True generosity is not always easy.
It must be worth something to you. – Liz
It was unanimous, we all felt the most authentic generosity towards children, our own and those we care for. There was a tie for a few who named their children, and their partner and others said their family, both chosen and blood. Genuine generosity grows more possible with loving boundaries. Knowing that there is enough space for each of us to enter whole and leave feeling more resourced because of the reciprocal energy that lives inside of authentic generosity.
Tell me what you need
Autumn hugs
Burnt Skelton leaves
Or
Sleepy wool blankets
wrapped around
Reincarnated sweaters
Wait while watching
Orange, red, yellow tribal dances
These are things used to serve – Morgan Elise
Lindsay attributes her early learning of genuine generosity to her mom, who she says is guided by generosity more than anything else.

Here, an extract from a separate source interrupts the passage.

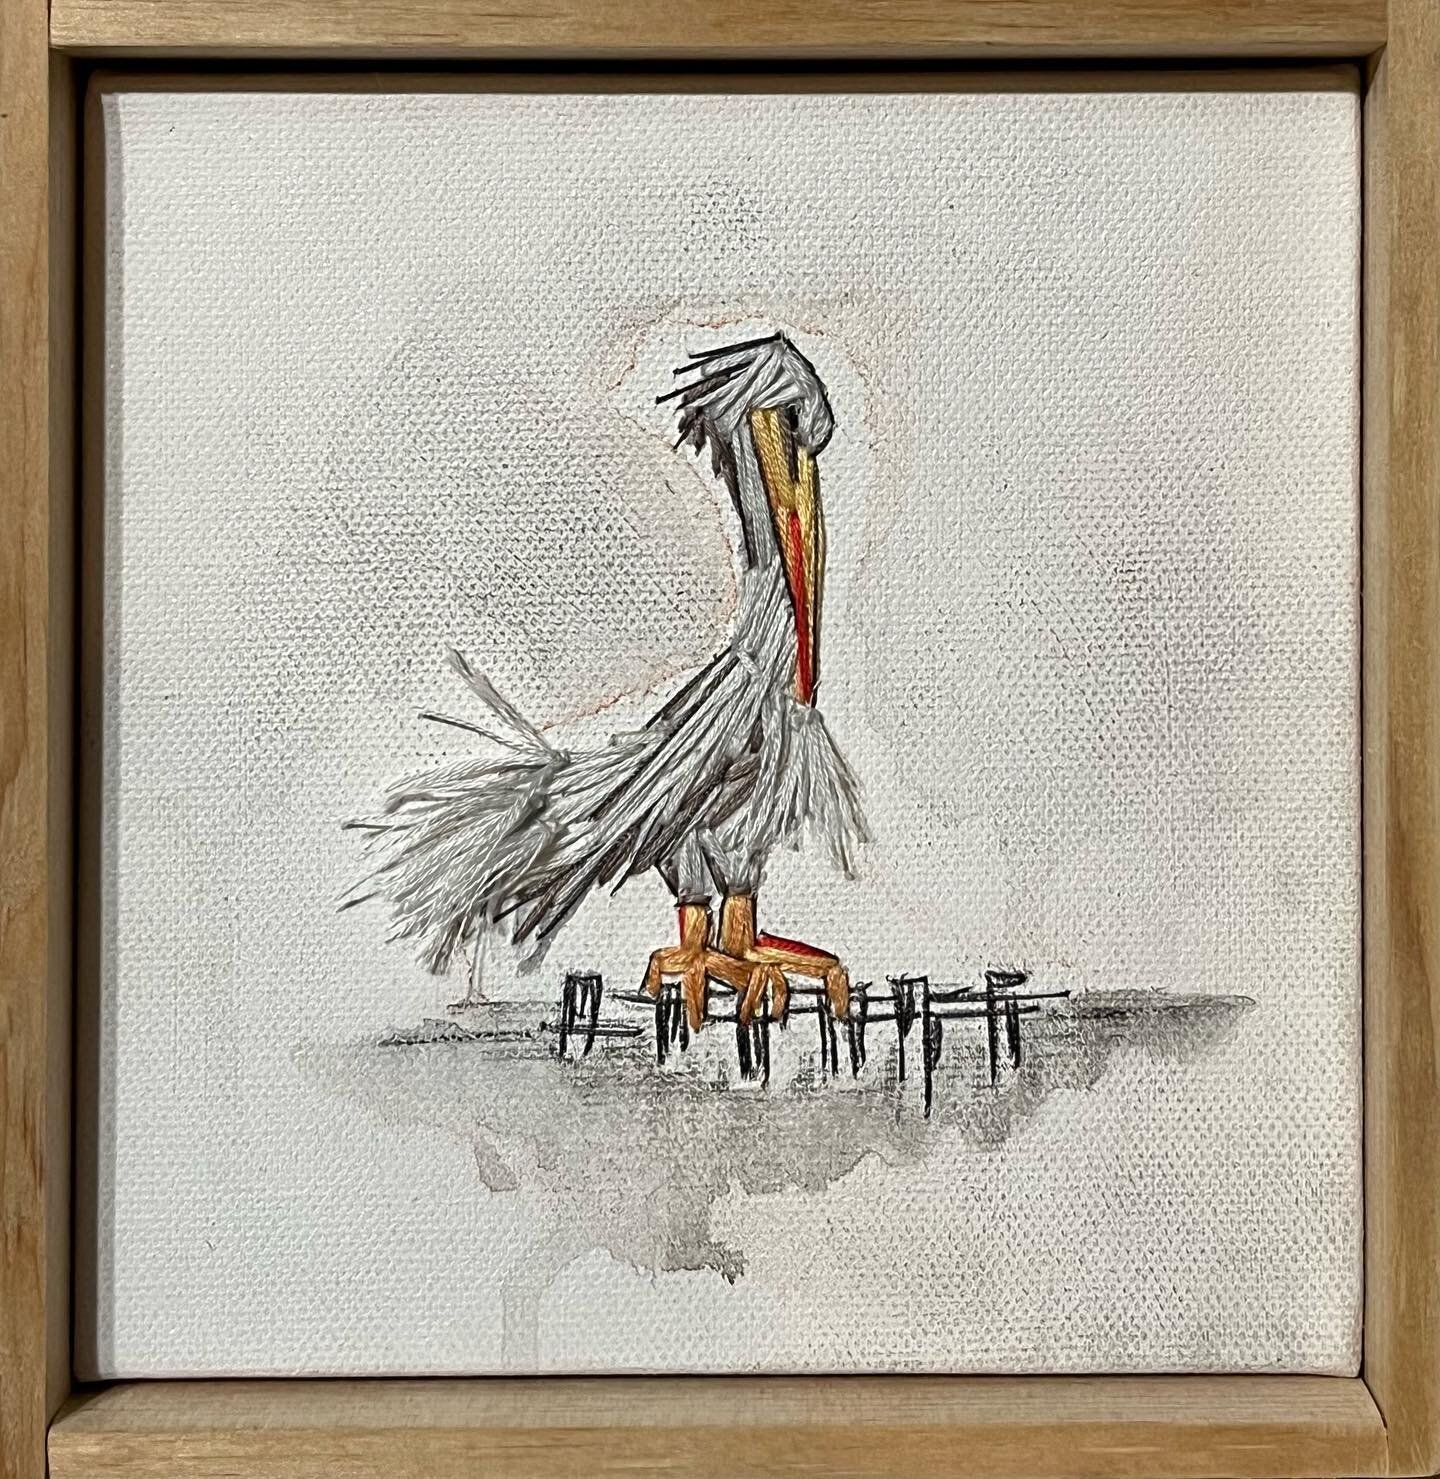 6x6 inch Pelicans. Acrylic and thread on canvas. @cannonbeachgallery Miniatures Show. Running through Dec. 2 nd. Part of this weekends, Stormy Weather Arts Festival Nov. 3-5th.
#cannonbeachoregon #artfestival #minitureart #embroidered #pelican #pelic

As a kid, Lindsay would find it hard sometimes to witness her mother’s level of generosity. The thought would creep in, “will she have anything left for us, her children, her family”. The answer was always yes, if anything she had even more to share because the generosity was being whole heartedly reciprocated. Lindsay encourages herself and all of us, with the caveat of loving boundaries, to be generous with our time and attention with people that are our teachers, mentors, role models, and allow for the possibilities that generosity can teach us about living in community and building structures that allows all of us to have what we need and be loved.

For the New Year
Same us; Have we decided how we want to fight
With a pen by my side
I’ve attempted slow
Writing to dos on the
Back of envelopes
As close to disconnected as I get
Breath between thoughts
Here is where I give
Metaphors volcanoes erupting
This is more explanation than poem
How often do you remember
All the miracles that took
Place so you could breathe
Out loud & out of sight
Tucked away at times but
Still there not a garnish
Not to be given away or traded
For time & energy
My legs hurt my ankles ache
Weary from dragging me across war zones
My body a road map of generational trauma
There is no room for me here
I’ve been healing grandmothers
Breaking mommy’s generational curse
If I am my ancestor’s wildest dreams
Why am I still fighting battles they died for – Morgan Elise
At the end of day, true generosity fuels and reminds us of our intrinsic belonging to one another. Creating lives of care, healing, love, creativity, and joy takes all of us. Thank you for inspiring and teaching us these lessons, and for your generosity of spirit to embark on this intentional and uncharted path to liberation with us. Let generosity be our guide!